--- ACTIVITY ---
Copy out exactly the lines that begin with the one containing "Width tapers from 12 - 5 millimeters" and continue until the last line of the material.

--- DATA TO PROCESS ---
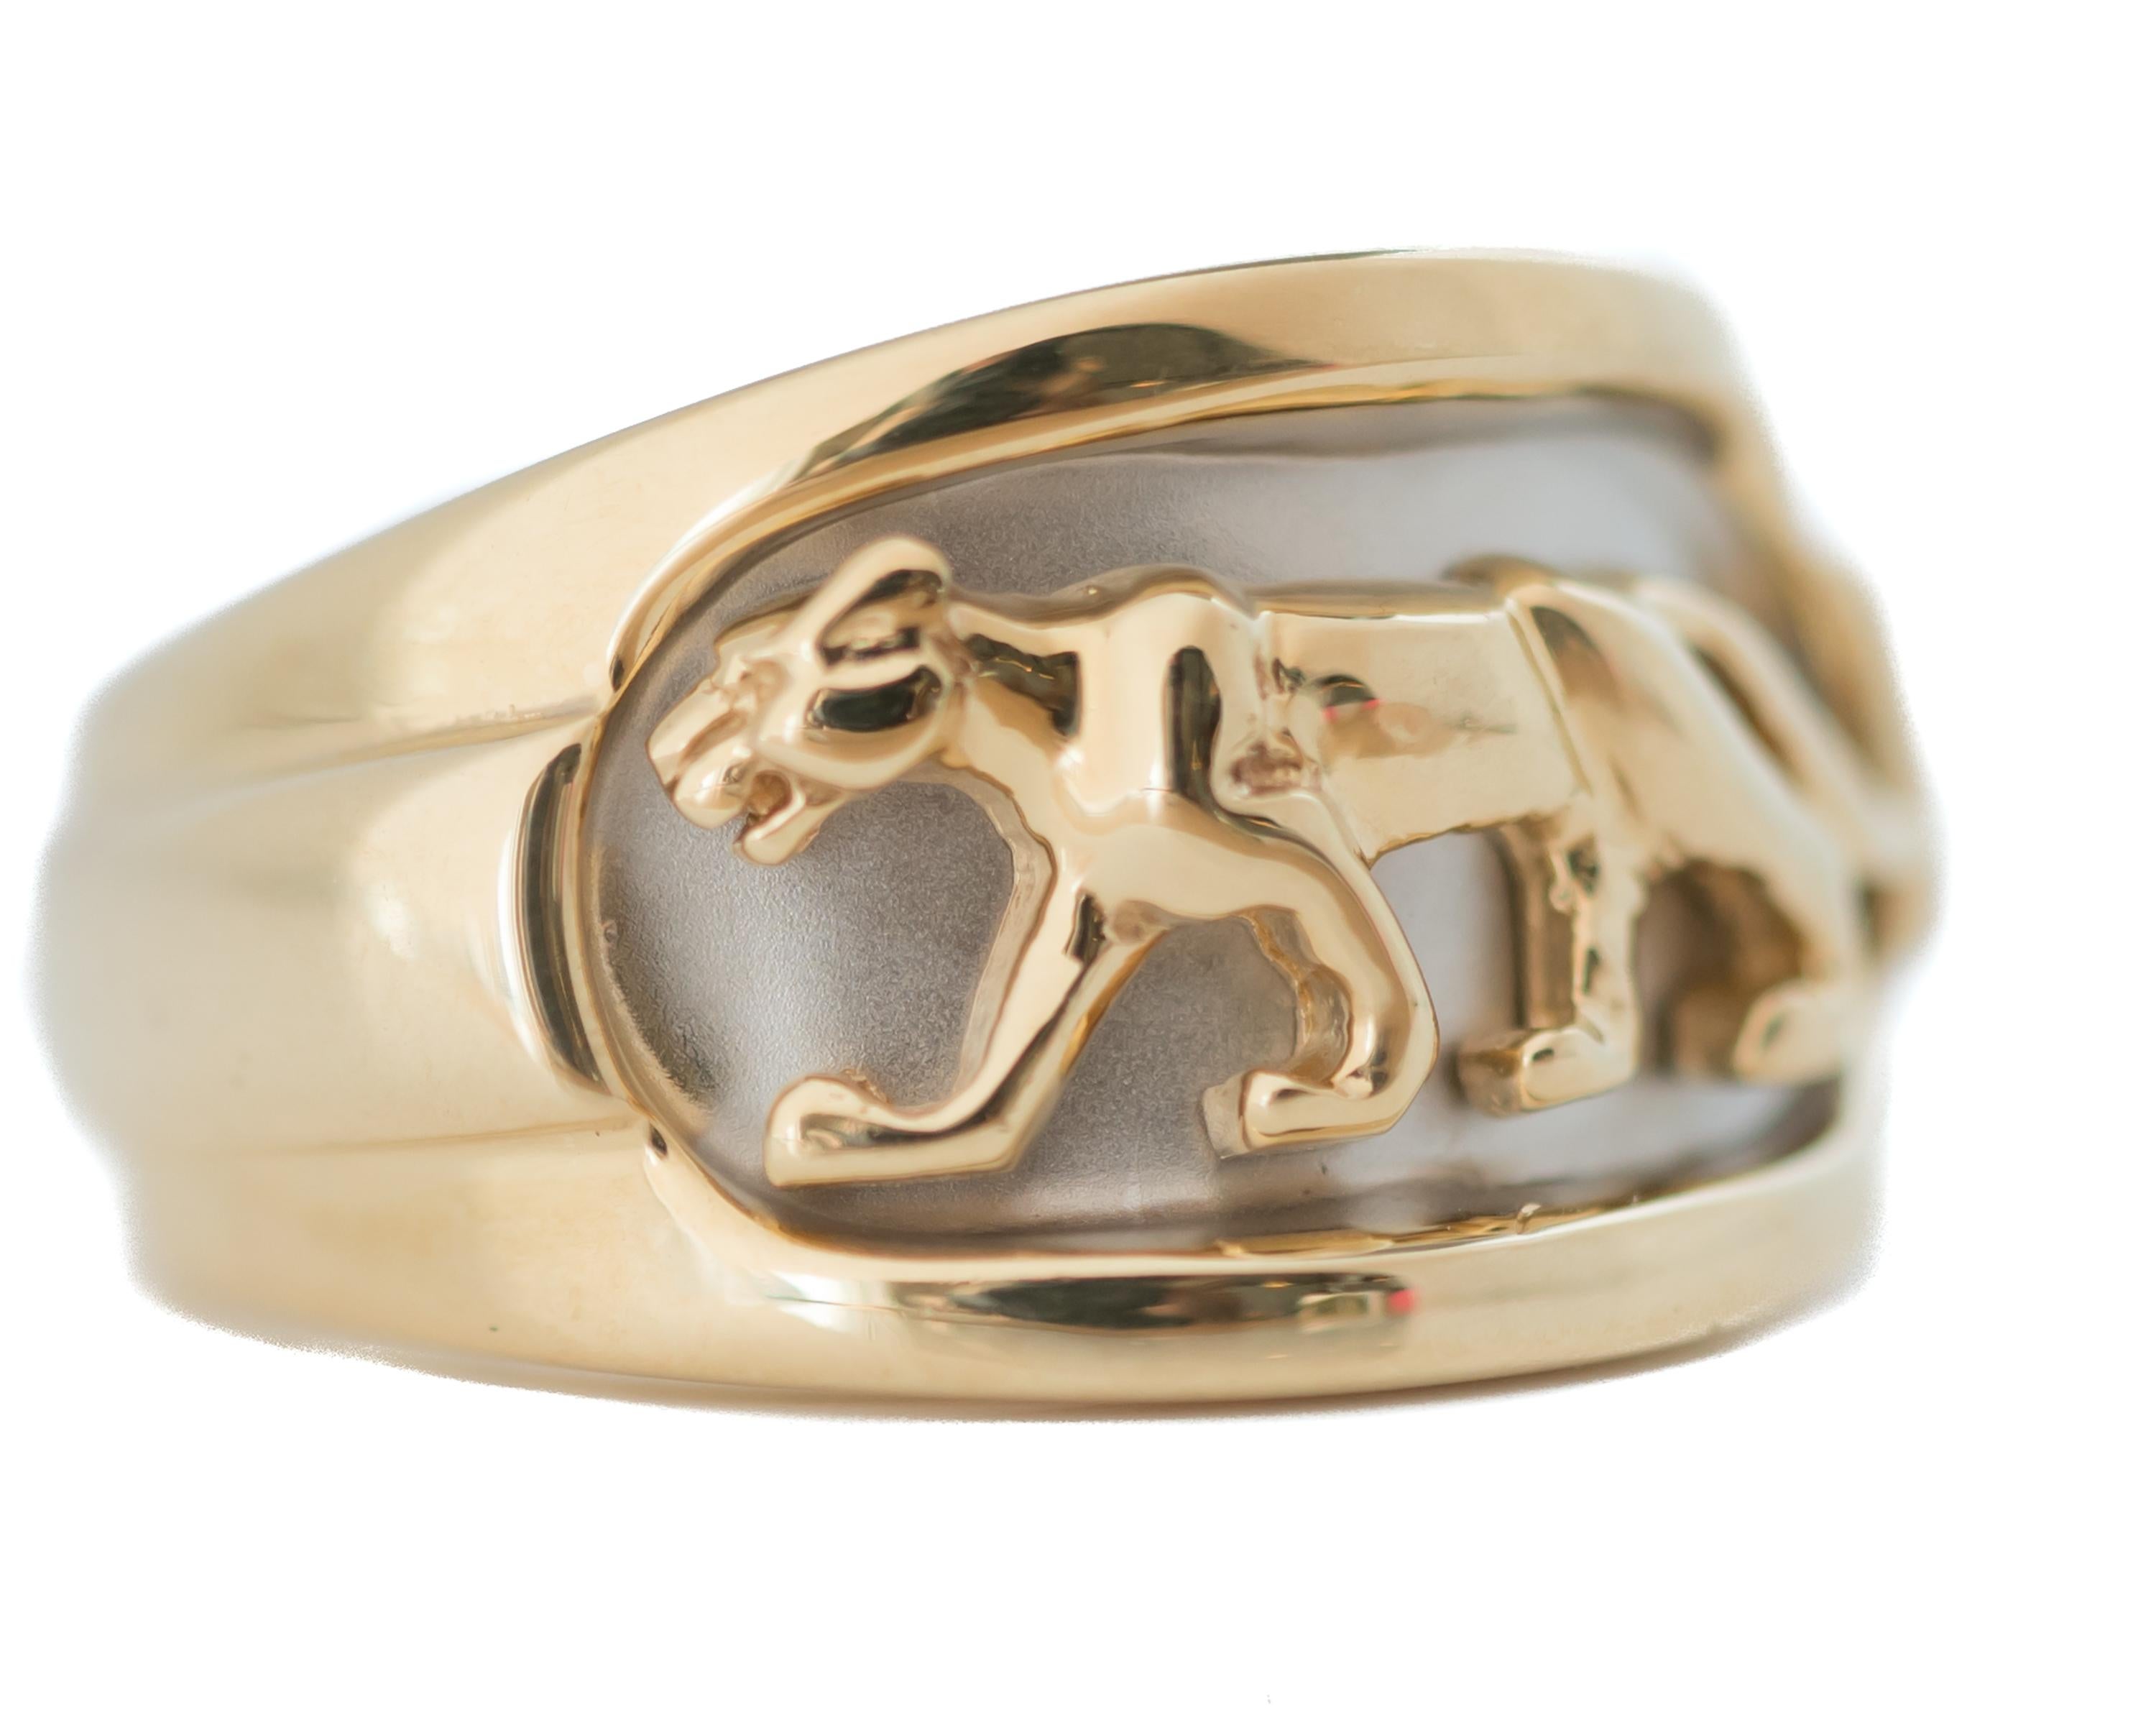 Gold Panther, Cougar Ring - 14 Karat Yellow Gold, 14 Karat White Gold

Features:
14 karat Yellow Gold
14 karat White Gold face
Raised Panther/Cougar Design
Width tapers from 12 - 5 millimeters
Finger to top of ring measures 2.5 millimeters
Ring fit

--- RESULT OF THE EXERCISE ---
Width tapers from 12 - 5 millimeters
Finger to top of ring measures 2.5 millimeters
Ring fit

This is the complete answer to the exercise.